Portrait de David B par Anna
​​
​« Aujourd’hui, je suis heureux en France ». La vie de David B., 47 ans, n’a pas toujours été rose mais il peut le dire aujourd’hui. Il est marié depuis peu avec Catherine G. Ensemble ils ont cinq enfants.
D’une famille originaire du Burkina-Faso, David est né en Côte d’Ivoire en 1970. Aîné d’une fratrie de 11 frères et sœurs, il se devait d’aider ses parents. "J’alternais entre les études et le travail pour subvenir aux besoins de ma famille” explique t-il. Il a donc voulu arrêter les études à 22 ans pour avoir un travail à temps plein, mais ses parents l’ont obligé à continuer. Il devait pourtant en trouver un afin d’aider sa famille car les deux parents seuls ne pouvaient pas subvenir aux besoins de tous. Alors, David choisit de quitter son pays pour la France. Un choix plutôt facile pour David. "Qui ne choisirait pas la France ? ”, demande-t-il, c’était une évidence pour lui. “Je savais que si je réussissais à avoir mes papiers, je pourrais continuer mes études et avoir un bon travail et des revenus suffisants afin d'aider ma famille”. A cette époque, en 1995, en Côte d’Ivoire, tout le monde parlait de la France. Pour les grands du quartier, il y avait beaucoup d’emplois là-bas. Cependant ça n’a pas été facile d’obtenir un visa valide pour venir légalement en France. Après plusieurs mois d’attente et beaucoup de versement d’argent à l’administration, il a enfin pu accéder à la France avec un visa tourisme. A son arrivée, David vit dans une maison avec quelques amis qu’il connaissait depuis la Côte d’Ivoire.

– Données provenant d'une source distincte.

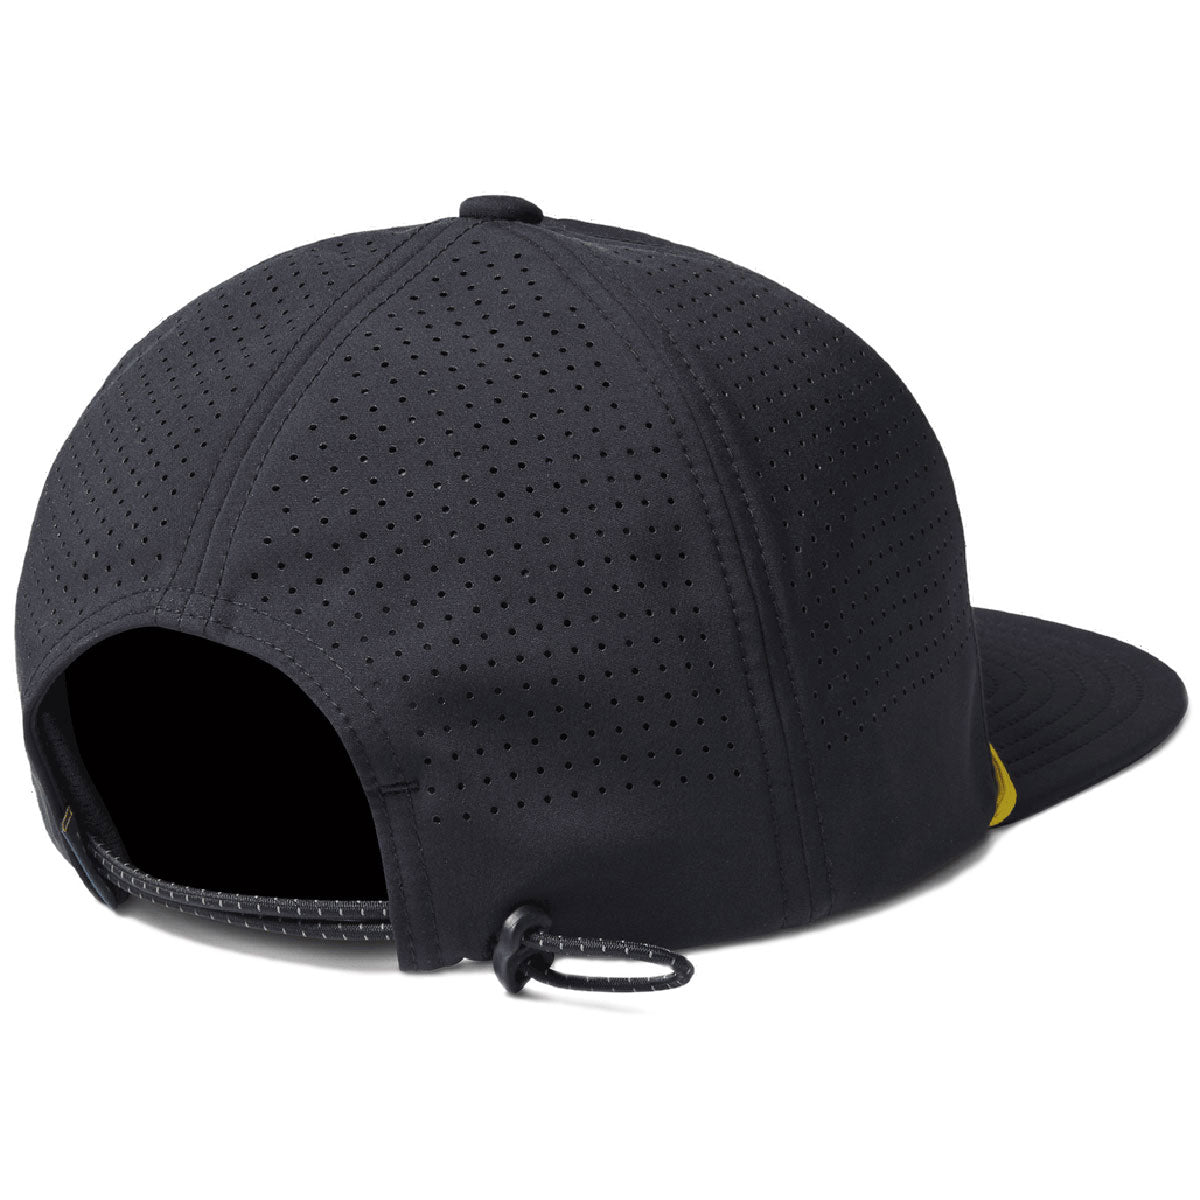 Roark Hybro Hat - Black image 2

Deux mois après son arrivée, son visa est périmé. Il trouve un travail non déclaré. Grâce à ce travail il a pu régulièrement envoyer de l’argent à ses parents. Trois ans après son arrivée, il fait la rencontre de Catherine, immigrée elle aussi du Cameroun. Ensemble ils ont leur premier enfant. Grâce à lui, ils ont enfin pu avoir un titre de séjour de cinq ans en l’an 2000. Lorsque la carte de séjour a été  périmée, David a mis en place une démarche afin d’avoir la nationalité française. “Les démarches pour obtenir la nationalité française ont été très compliquées. A un moment j’ai pensé que je n’aurai jamais ces papiers j’ai même pensé à tout abandonner.” Après plus de neuf mois de démarches, fin 2005, David devient enfin un citoyen français. “Aujourd’hui je ne suis plus un immigré, je suis désormais un homme français”. David a donc repris ses études : “J'étais très heureux et impatient de pouvoir enfin reprendre et finir mes études dans ce pays”. Aujourd'hui il travaille à l'aéroport Charles De Gaulle en tant que dirigeant administratif. David a une vie plutôt agréable et il dit aimer sa nouvelle vie en France.  “Je me sens bien, j’ai mis du temps à m’habituer avec le froid, le travail etc., mais aujourd'hui j’y vis avec ma famille et j’aime ce pays”. Toutefois il retourne souvent en Côte d’Ivoire. “Quand je vais en Côte d’Ivoire j’ai plaisir à retrouver tout le reste de ma famille, je retrouve mes amis d'enfance et j’aime cette ambiance.” D’ailleurs David a confié qu'après avoir pris sa retraite il retournera en Côte d’Ivoire “je suis né là-bas, j’ai grandi là-bas donc bien sûr qu’un jour je retournerai sur ma terre d'origine ”.


​Portrait d'Assa M. par Radi

​​« A l’âge de 16 ans, mon père a donné ma main à un homme plus âgé que moi sans mon consentement », raconte Assa D., une jeune femme de 23 ans, mère de trois enfants. Assa a eu une enfance calme et joyeuse auprès de ses parents et ses cinq frères et sœurs : « Je me souviens, quand j’étais petite, avec mes cousines, nous allions chercher de l’eau au puits de mon village. En route nous rigolions et chantions. Nous étions encore innocentes ».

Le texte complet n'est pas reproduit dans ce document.